Май у нас нынче особенно душист и радошен. На воле, за городом, так хорошо, свежо, нарядно и благоуханно, что, кажется, век бы не вышел оттуда. Поля в ином месте уже покрыты сильными зеленями, в другом еще сверкают черноватыми полосами только что взрыхленной земли, деревья одеты довольно густою, но еще молодою, искрасна-зеленою листвою, воздух влажен и весь проникнут испарениями нежащейся на весеннем солнце земли; в синем небе не видно ни облачка, и все оно словно играет, словно сверкает, но не тем давящим сверканием, каким бывает облито знойное июльское небо, а каким-то мягким, ласковым, радостным, точно милое, улыбающееся лицо ребенка, только что освеженное студеной водою; в пространстве волнами ходят звуки, бог весть откуда и кем заносимые; радостные и торжествующие, они сплошным гулом стелются по земле, словно сама всецелая природа в этих звуках стонет под бременем внутренней силы и ликования. И неизвестно, посредством какого тайного процесса все это ликование, все это цветение, вся эта сила, звучность и ясность вдруг переходят внутрь человека, и делается ему так легко, так хорошо жить на свете, что даже душа как будто играть начинает… право!

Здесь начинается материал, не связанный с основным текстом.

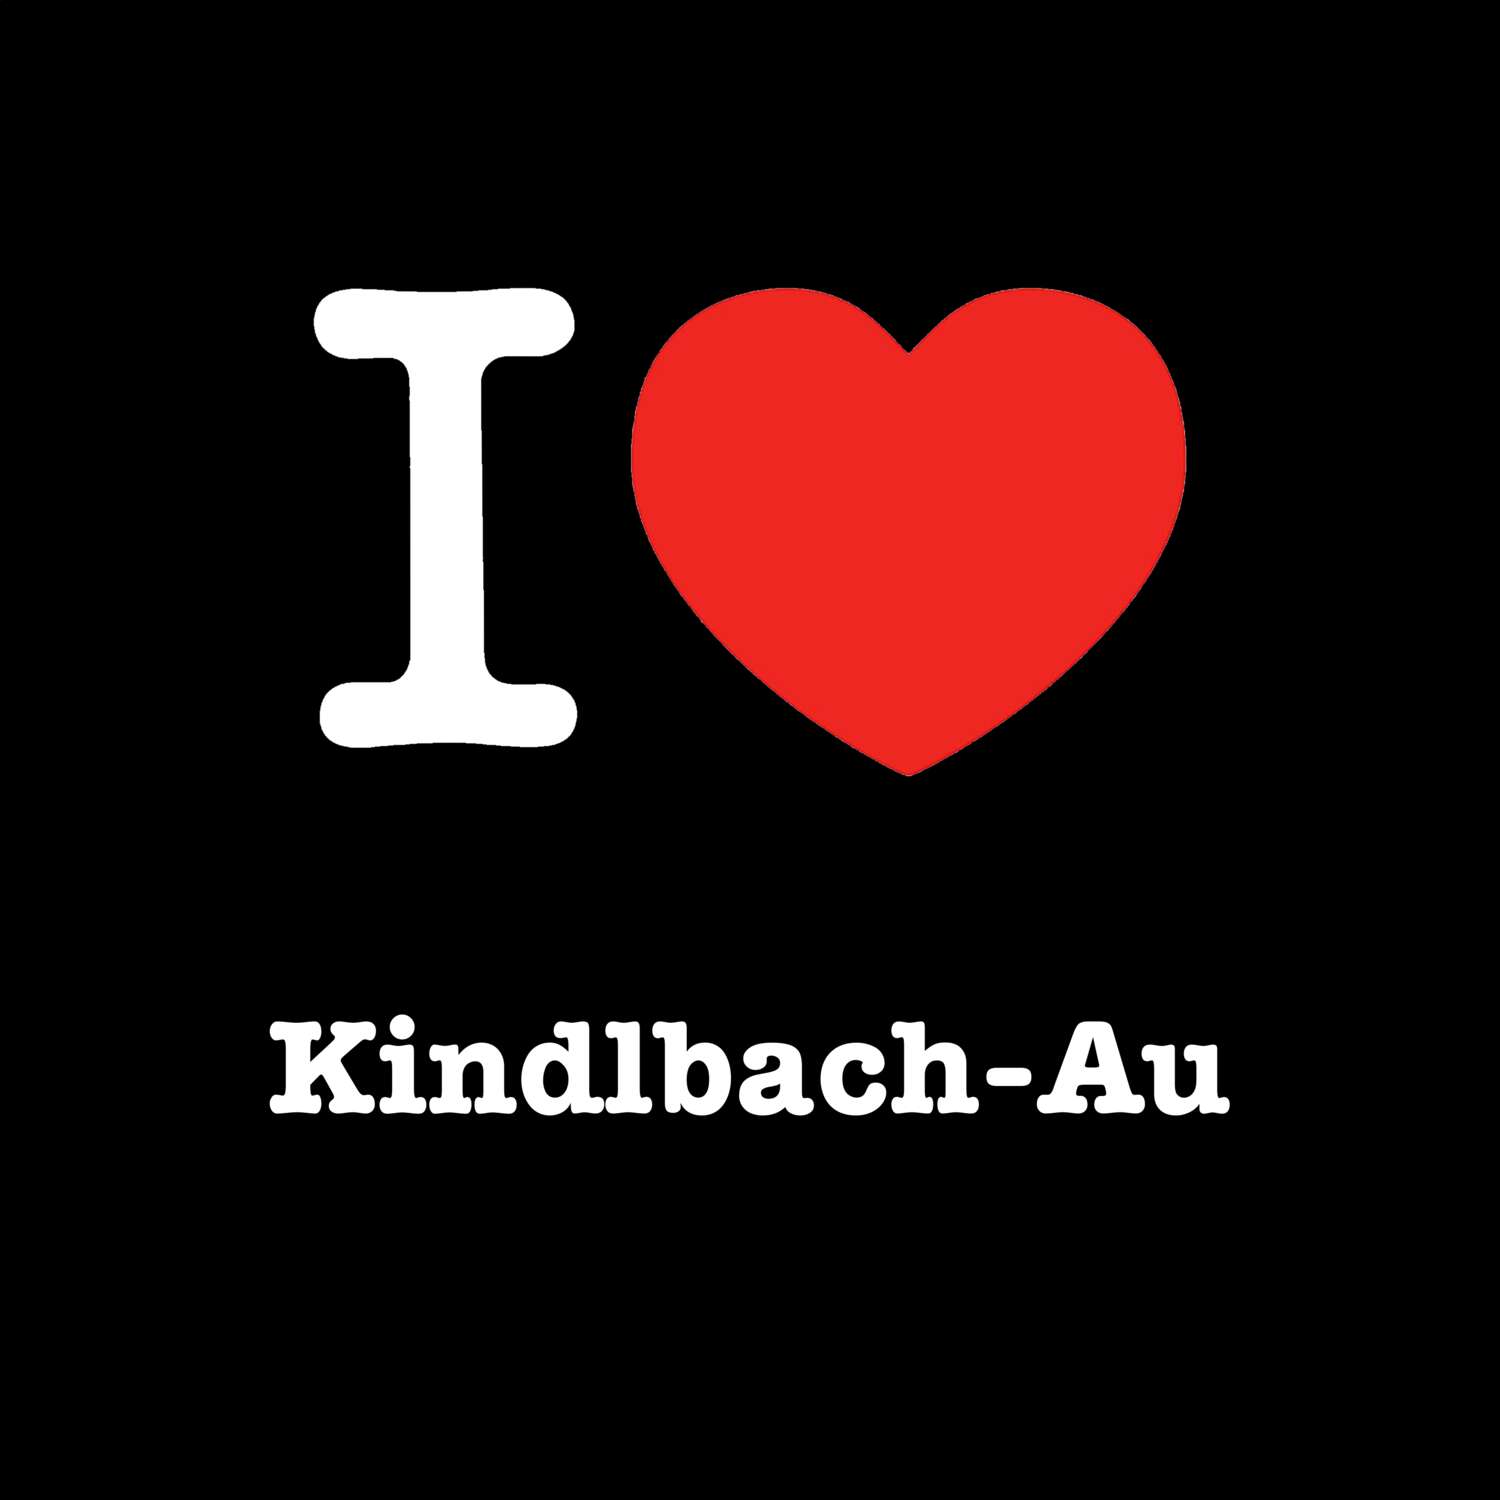 Kindlbach-Au T-Shirt »I love«

Зато картина пустеющего города с каждым днем делается печальнее и печальнее. Замер последний звук польки, разыгранной усердным оркестром гарнизонного батальона, замерли балы, пикники, рауты и катанья; замерли таинственные речи более или менее любовного содержания, нашептываемые ловкими канцеляристами и обольстительными юристами училища правоведения во время кадрилей и мазурок; белая, едкая пыль густою стеною стоит на улицах; дорожные экипажи различных видов и свойств то и дело снуют по направлению к заставе, унося своих обладателей куда-то далеко-далеко, на лоно неумирающей природы и умирающего крепостного права; все суетится, все рвется вон из города.

Замерли и начатки нашего красноречия.

Да, и у нас оно выросло, это пресловутое древо красноречия, которым до сих пор мы любовались лишь издали; и у нас, под прохладною тенью его, уже многие приобрели для себя мир душевный и невозмутимость сердечную; и у нас, dieu merci,[72] болярин Сергий, насытившись вдоволь разъедающими речами раба божия Павла, может в веселии сердца своего воскликнуть: «Ах, черт возьми, кто бы мог думать, что у нас явятся такие ядовитые бестии!.. да ведь это Jules Favre pur sang!»[73] (только видимый с затылка, прибавлю я от себя), — да, и мы, наконец, с законною гордостью можем сболтнуть изумленной Европе, что в наших

…..parages
Le doux ramage[74] —

уже не мечта разгоряченного воображения, а настоящая, истинная истина!.. И если вам, о любители отечественного просвещения! доселе остается неизвестным сей достопримечательный факт, то это происходит оттого, что вы слишком охотно рассуждаете о свойствах буквы ижицы и из-за ижицы не замечаете обновляющейся России.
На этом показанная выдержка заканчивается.